GOAL OF THE EXERCISE => Look below for the line that contains "The Most Gorgeous", then quote it and all the lines after it, exactly, with the pictures left out.

SOURCE MATERIAL =>
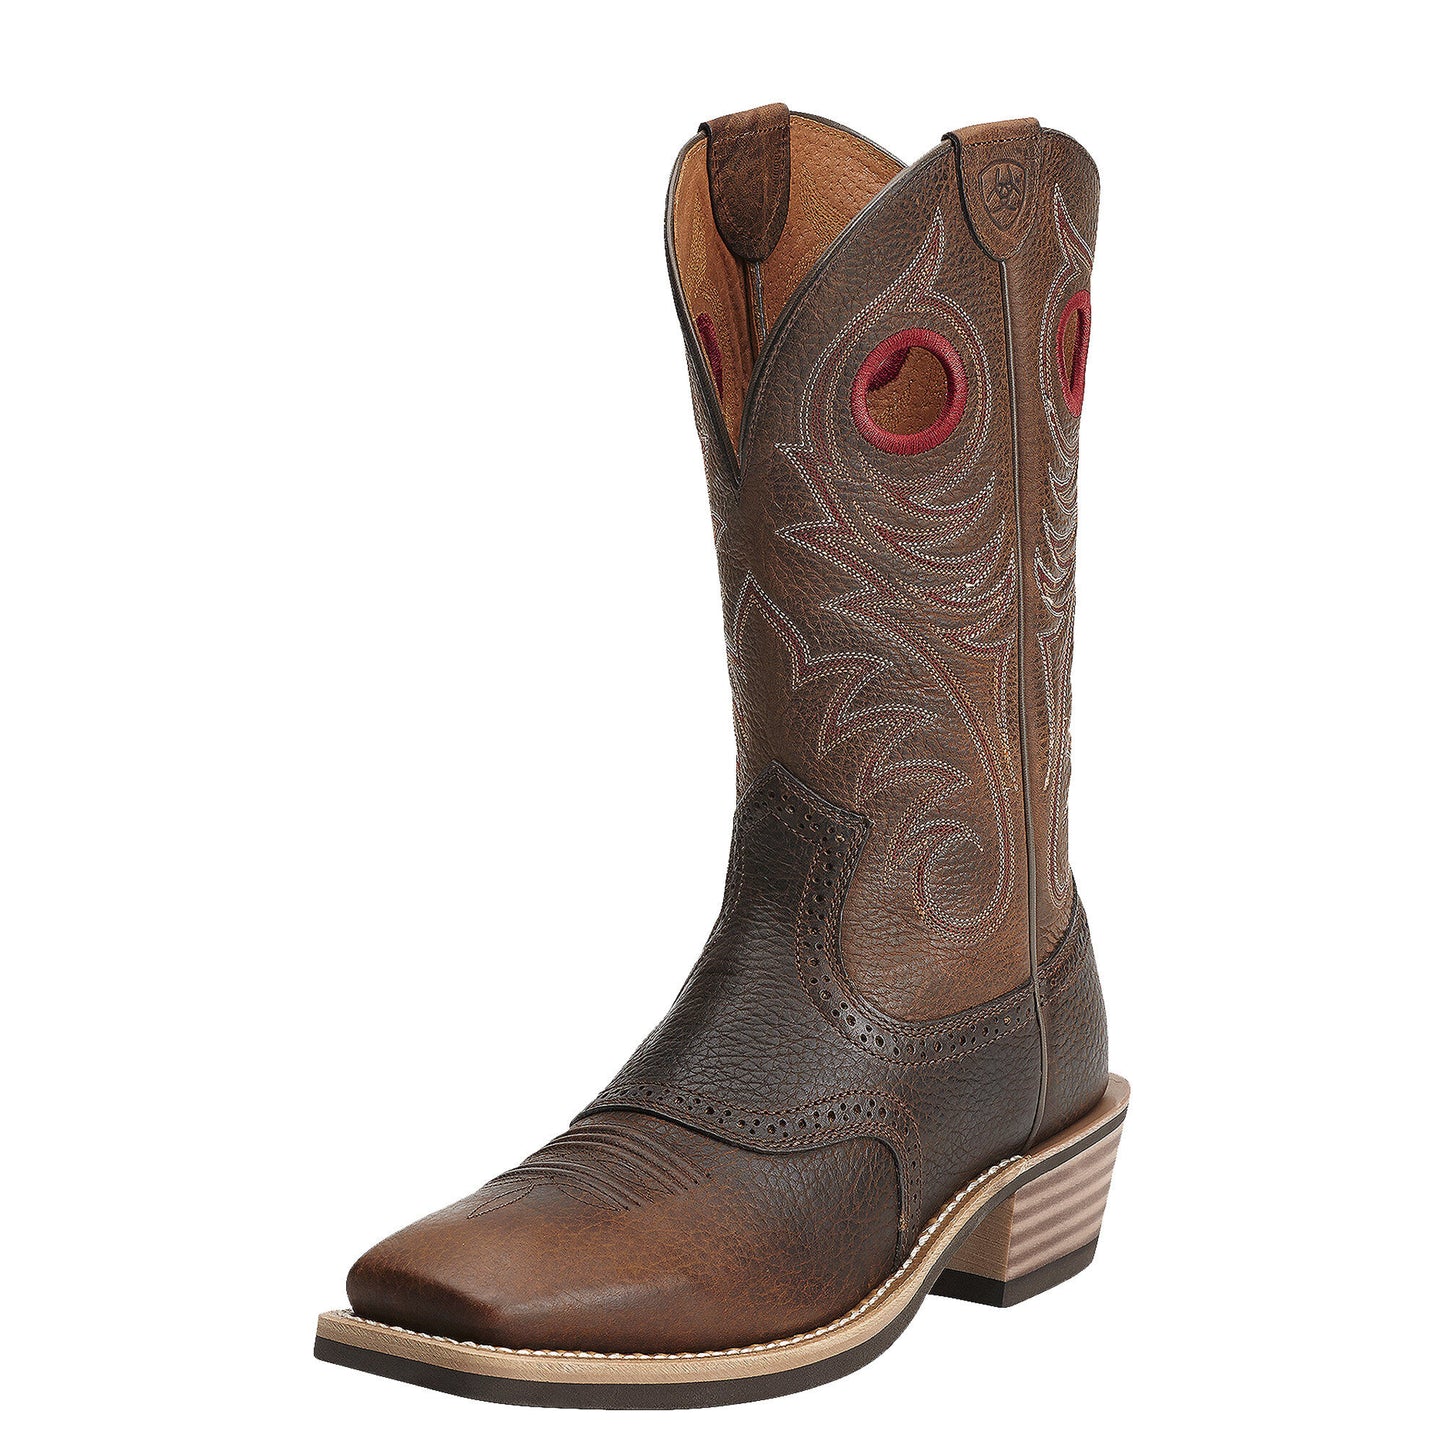 Ariat Men's Heritage Roughstock Wide Square Toe Boot - Brown Oiled Rowdy - French's Boots
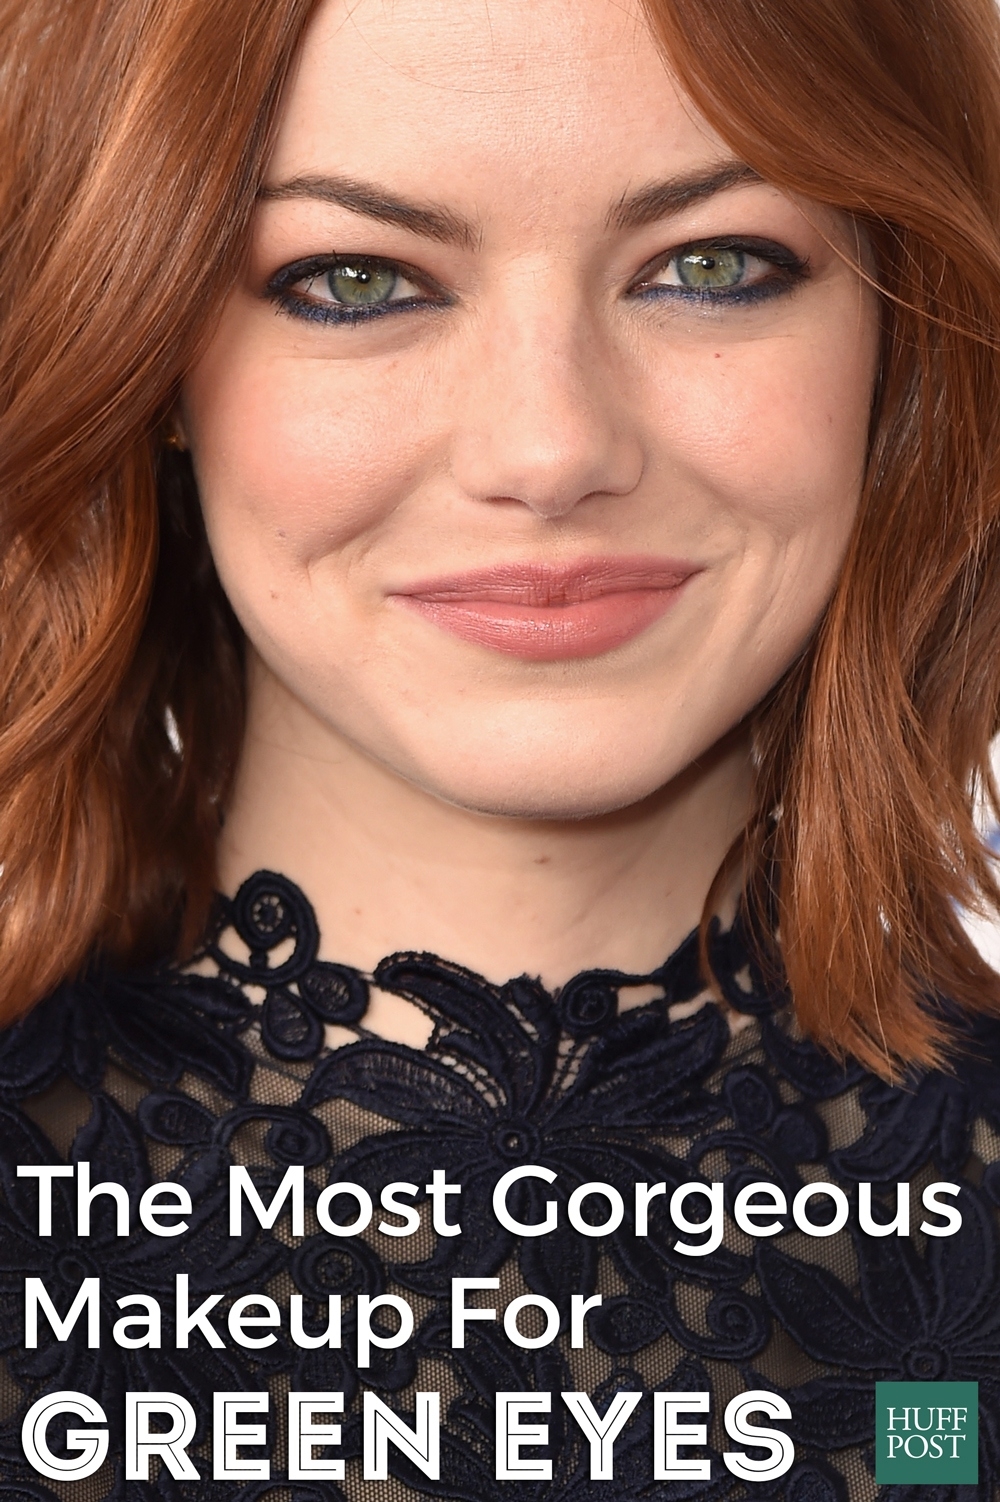 The Most Gorgeous Makeup For Green Eyes | Huffpost Life inside Best Eyeshadow Colors For Green Eyes And Pale Skin
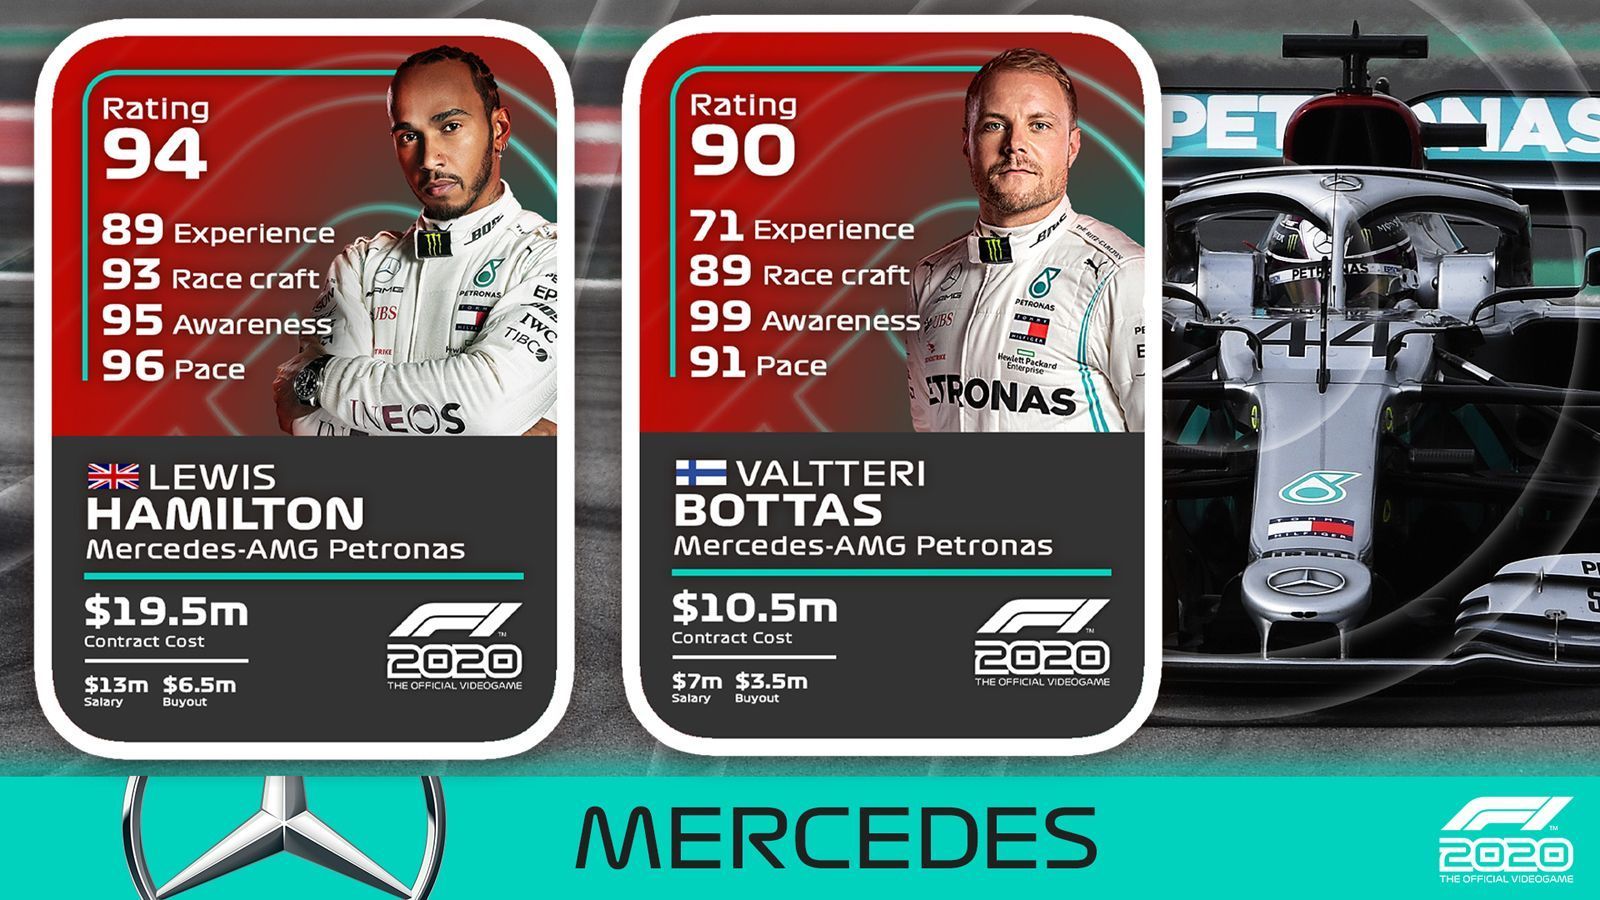 
                <strong>Mercedes</strong><br>
                Lewis Hamilton: Erfahrung 89, Fahrkunst 93, Bewusstsein 95, Pace 96, Overall Rating 94Valtteri Bottas: Erfahrung 71, Fahrkunst 89, Bewusstsein 99, Pace 91, Overall Rating 90

EXPECTED ANSWER =>
 The Most Gorgeous Makeup For Green Eyes | Huffpost Life inside Best Eyeshadow Colors For Green Eyes And Pale Skin
                <strong>Mercedes</strong><br>
                Lewis Hamilton: Erfahrung 89, Fahrkunst 93, Bewusstsein 95, Pace 96, Overall Rating 94Valtteri Bottas: Erfahrung 71, Fahrkunst 89, Bewusstsein 99, Pace 91, Overall Rating 90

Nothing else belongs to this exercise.